- Cover of the Yen Press edition of 11th Cat vol. 5 (2007), art by Kim Mi-kyung

열한번째 고양이 RR: Yeolhan beonjjae goyangi MR: Yŏrhan pŏntchae koyangi
- Genre: Romantic fantasy;
- Author: Kim Mi-kyung
- Publisher: Danbi
- English publisher: Yen Press
- Other publishers Tokyopop;
- Original run: 2002
- Volumes: 5

= 11th Cat =

South Korean manhwa

11th Cat is a fictional fantasy/romance Korean manhwa written by Kim Mi-kyung. It follows Rika, a spunky, yet clumsy, and forgetful girl who hopes to become a wizard, and her friends on their adventures.

==Storyline==
Cute and charming, yet not so bright little Rika is training to become a real wizard. The first step is to find a magic staff. Ah, that can't be too hard, can it? As Rika and Eujen journey deep into the forest in search of this wonderful magic staff, Rika loses her way. She winds up in an unfortunate chance encounter with the dark sorcerer who kidnapped the princess! Will Rika be able to free the princess and become a real wizard? Follow this cute fantasy story with Rika and find out.

==Characters==
Rika

Spunky but clumsy Rika is a novice wizard in training. She lives with her aunts and uncles. Though her aunts and uncles aren't her real family, Rika loves them like her real family. It is also later revealed that her father is Arthur and her mother is Priscilla. The reason the Sword Master of Black Iron befriended Rika was to grain her trust so he could carry out his plan to sacrifice her to revive her dead father, Arthur. Arthur is revived, but Rika still lives due to her second life. Rika had two lives, and only one died when she was sacrificed. Rika was only with her father for a short time, but the White Dragon mentioned that the day Rika met her father, she began to improve her skill day by day. Now Rika has set off to find her cat friend Nomi with the help of the White Dragon.

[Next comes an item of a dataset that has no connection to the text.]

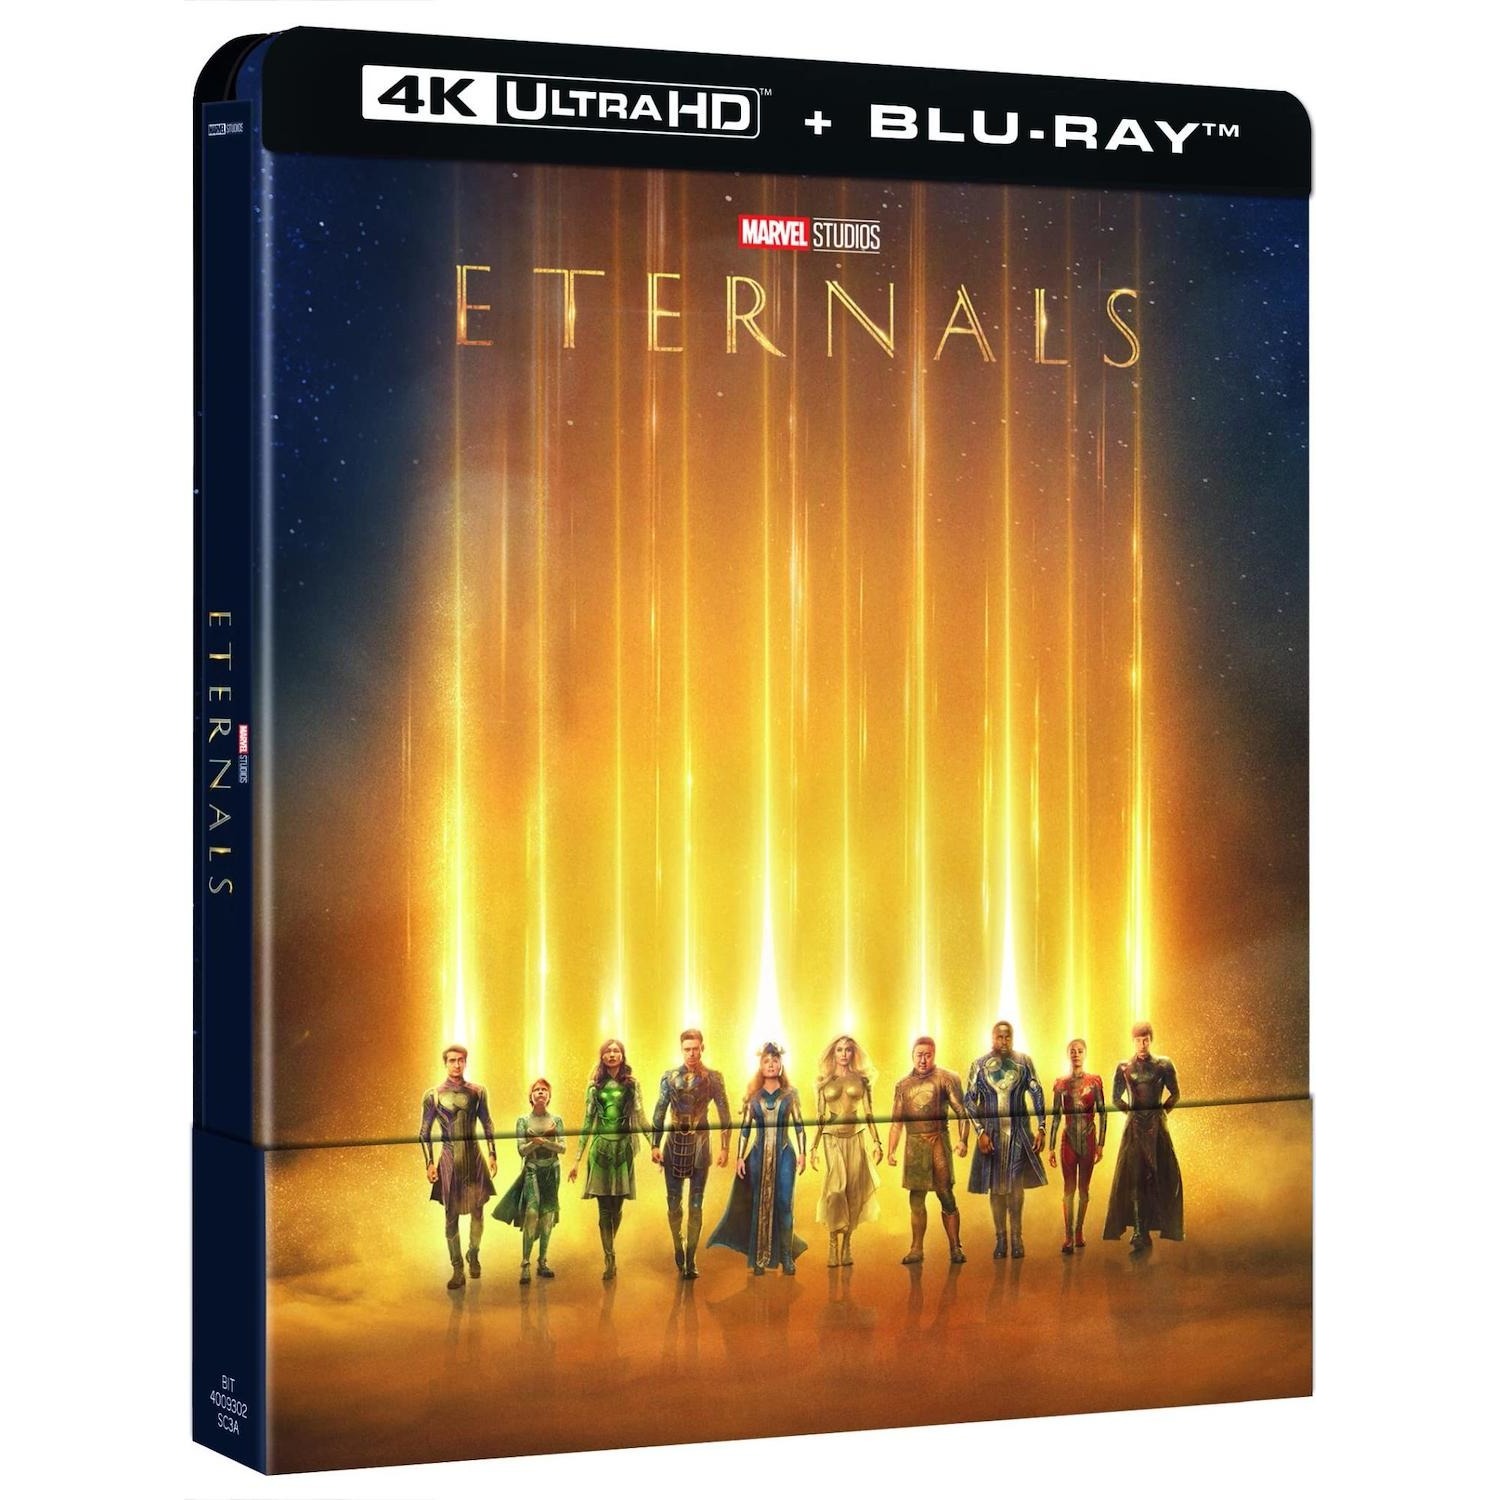 Immagine per Bluray 4K Eternals  Steelbook da DIMOStore

Nomi (Guardian Spirit of Black Wishstone)

Nomi is a cute cat guardian spirit that came out from the Black Wishstone. He likes Rika since she's the first female owner of the Wishstone and travels alongside her. He's loud and obnoxious, but is quite powerful despite his appearance. It is said that he once served the Sword Master of Black Iron.

Arthur

Arthur is married to Priscilla and the father of Rika. He is also the sword master of Black Iron best friend and the most powerful wizard that ever live. Though he is dead he is later revived by the Murika stone and his daughter's life, which the Sword Master of Black Iron used to revived him. Arthur deeply loves his daughter and wife, whom he cares for. He didn't want to be brought to life again because he knew that he had broken every law of nature just to be alive and that he is an unnatural being that shouldn't exist because he was already dead. He has no more magic after being brought to life, it was explained that he knew that his friend, the Sword Master of Black Iron was going to ignore his wish to remain dead. He was not going to let his daughter be an ordinary wizard so he transferred all his powers to his daughter, Rika. He knew all those powers were maintaining her other life, so when the Sword Master of Black Iron killed her to bring Arthur to life, Arthur knew that his daughter would survive. Arthur only lived for a while, but he was happy that he got to see his little daughter Rika grown up and his wife Priscilla one more time. He killed himself because he didn't want to carry the shameful existence clinging to his lifeless body.

Priscilla

Priscilla is married to Arthur and the mother of Rika. She loves both her daughter and husband. Although she was never there for Rika, she loves Rika and considers herself a bad mother because she never lifted a finger to help her daughter and because she couldn't take care of her. This is because Priscilla knew if she did she would sacrifice her own daughter life for Arthur as she dearly love him and wanted to see him again so she gave Rika to Louis who does care for and love Rika as if she was his daughter.